Back to the end of the week though.... Tonight was not a great night... I kept feeling dizzy a little bit here and there... and I was drained and am really tired... which speaking of that I probably should go to bed soon ;) considering it is almost midnight!!! shesh!!! please pray for peace of mind and that I can learn how to love myself as God loves me and my friends... ANd that I give myself more time for me... instead of going and going and going until I burn out... Pray that I don't/wouldn't do anything stupid to myself... and pray I won't/don't isolate myself... I have a tendency to do this! Well, Ok I need to get to bed... I am really tired!! Good night.... happy August 2nd!!!! Have a great weekend!!

3 comments:

MelissaTaylor.org said...

Jen,

It's been a week since you wrote this post and I'm hoping that the blah mood is gone!
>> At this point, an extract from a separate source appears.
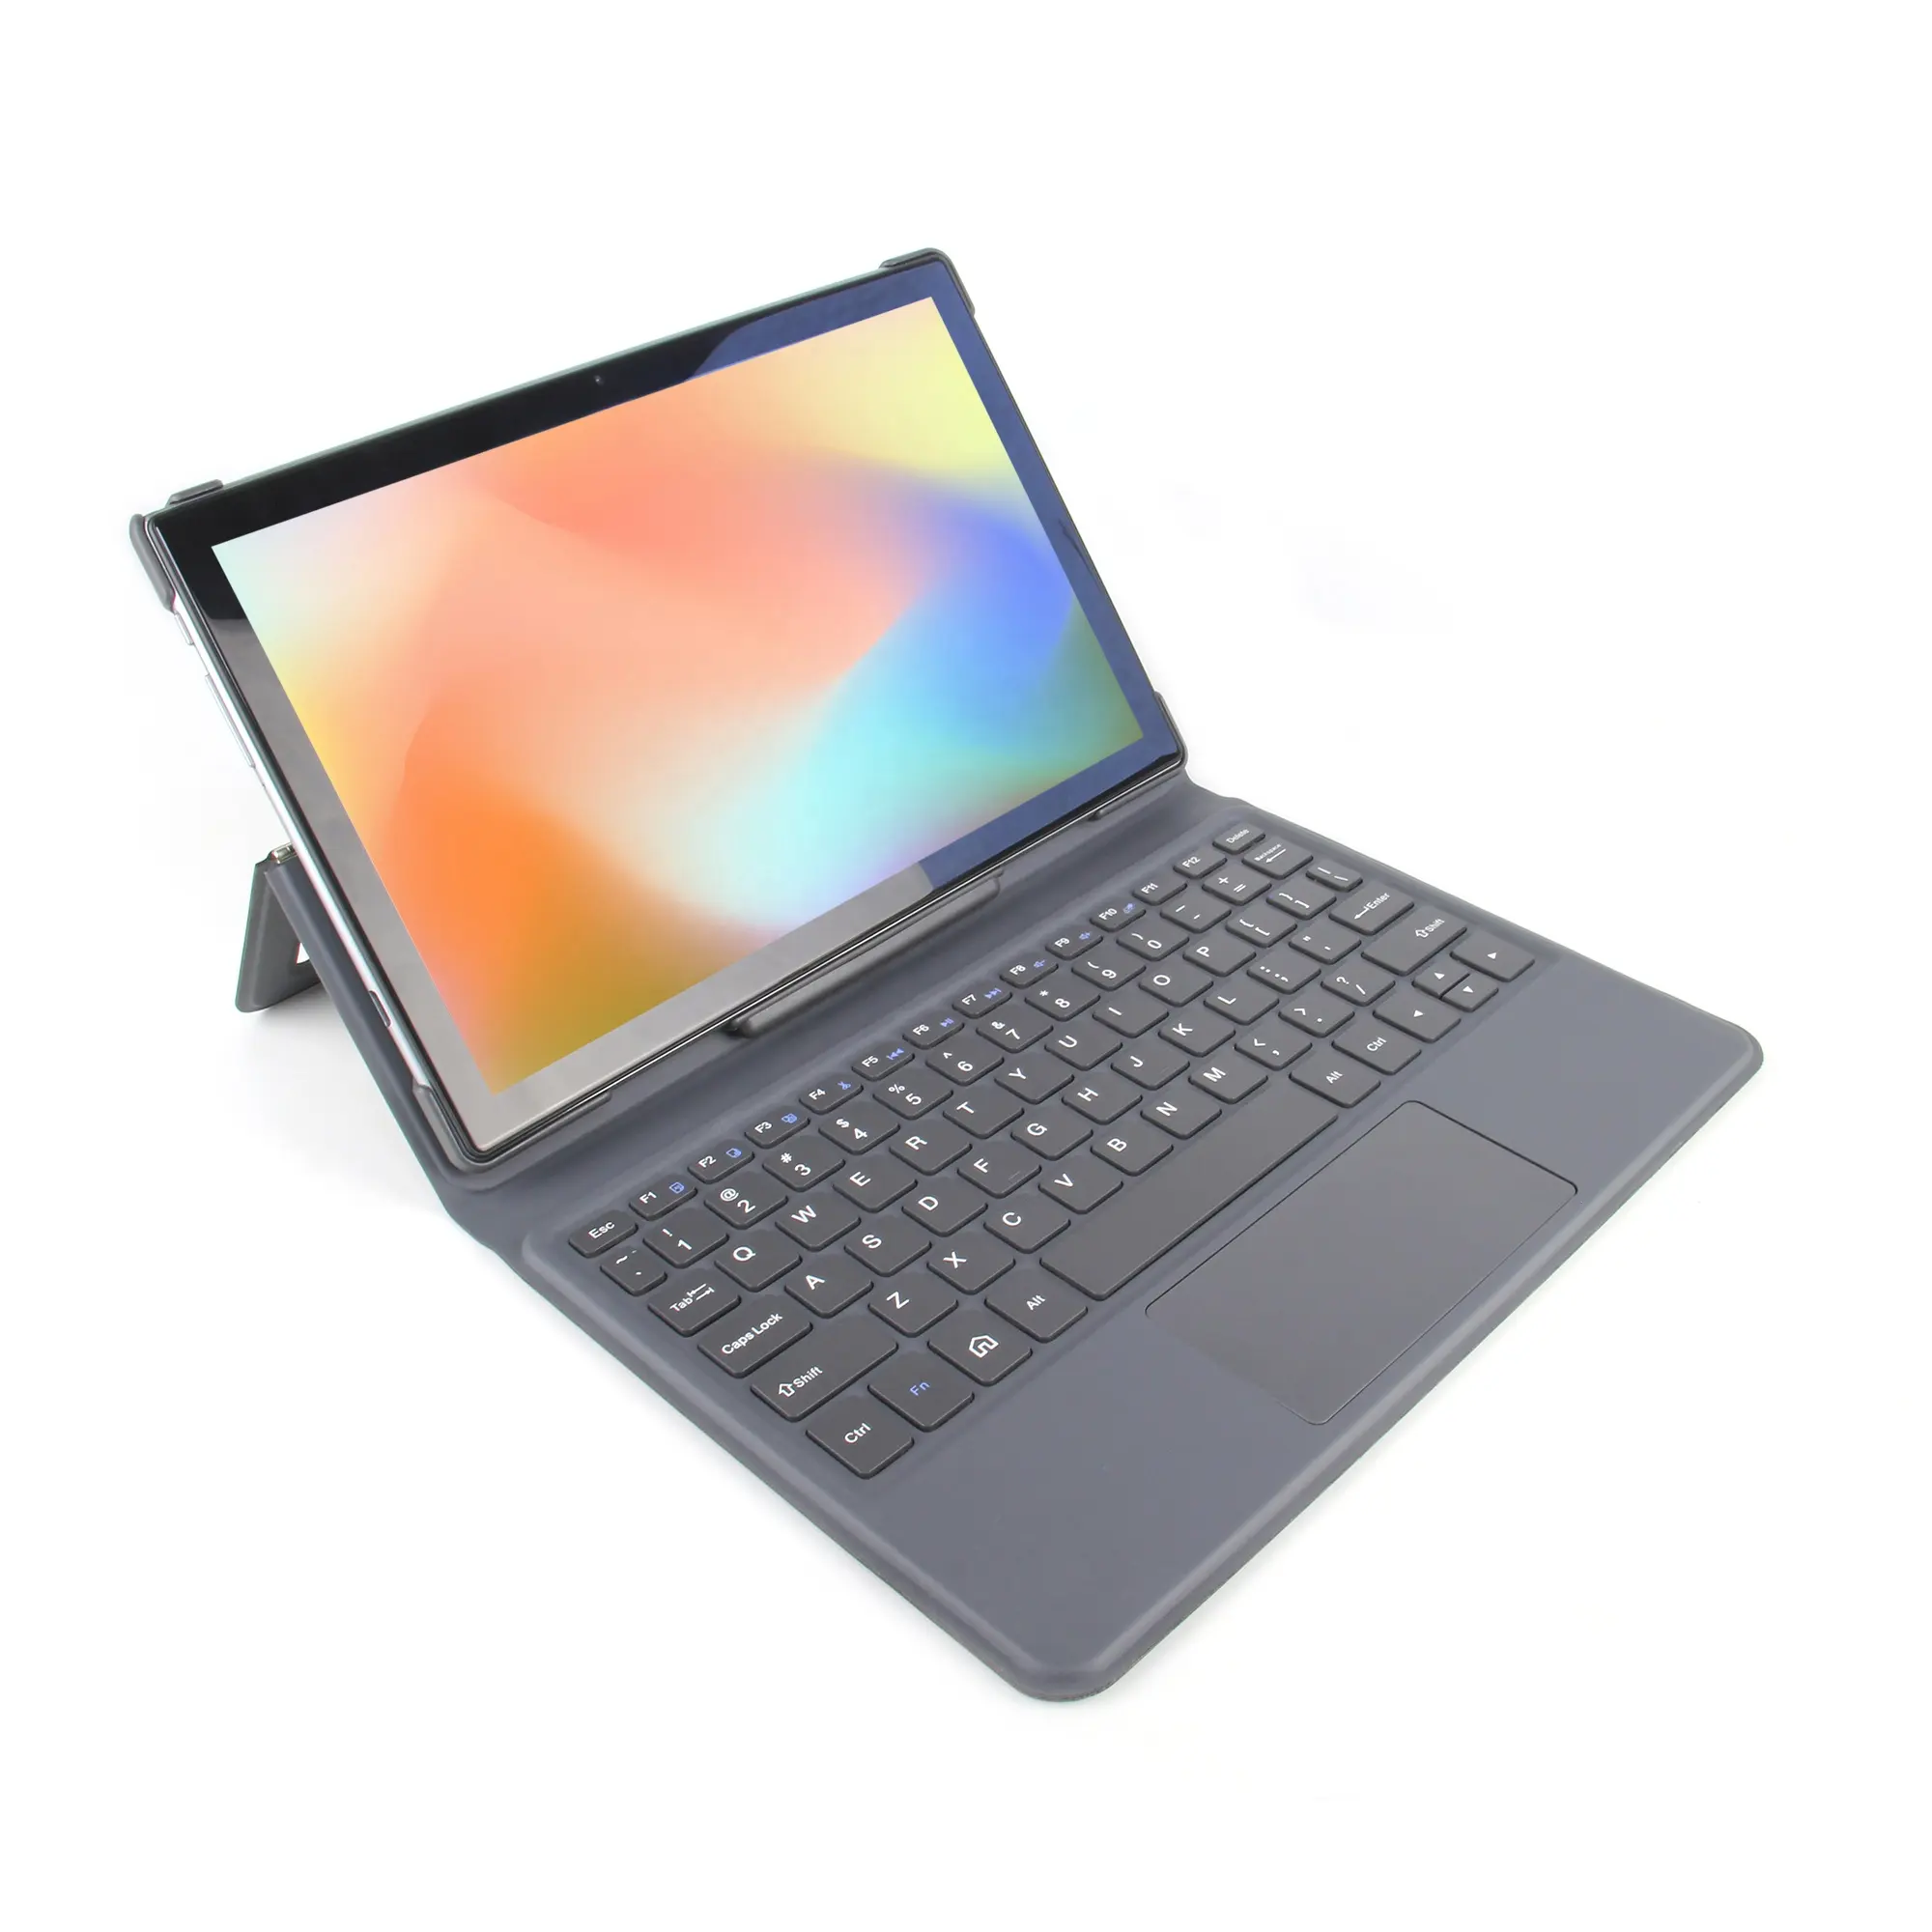 Tablet Pc Supplier Dual Band WiFi Tablet Pc 10 Inch 32gb Android Tablet Pc With 800*1280 IPS 10 Inch Tablet With Detachable Keyboard

Praying there is a smile on your face and you are filled with joy and energy!

Blessings,
Melissa

Nicole said...

Hi Jen,

I am new to your blog. I hope that you are having a good day. I will say a prayer for you today. I pray that you feel an extra special sense of the Lord's presence today. He is all you need, and will take care of everything, just let Him.

Nice to "meet" you.

Blessings,
Nicole

Jen said...

Nicole,

Thanks so much for commenting on my blog! Hope to hear from ya soon.. Hope your feeling a little better each and everyday!!! God bless you....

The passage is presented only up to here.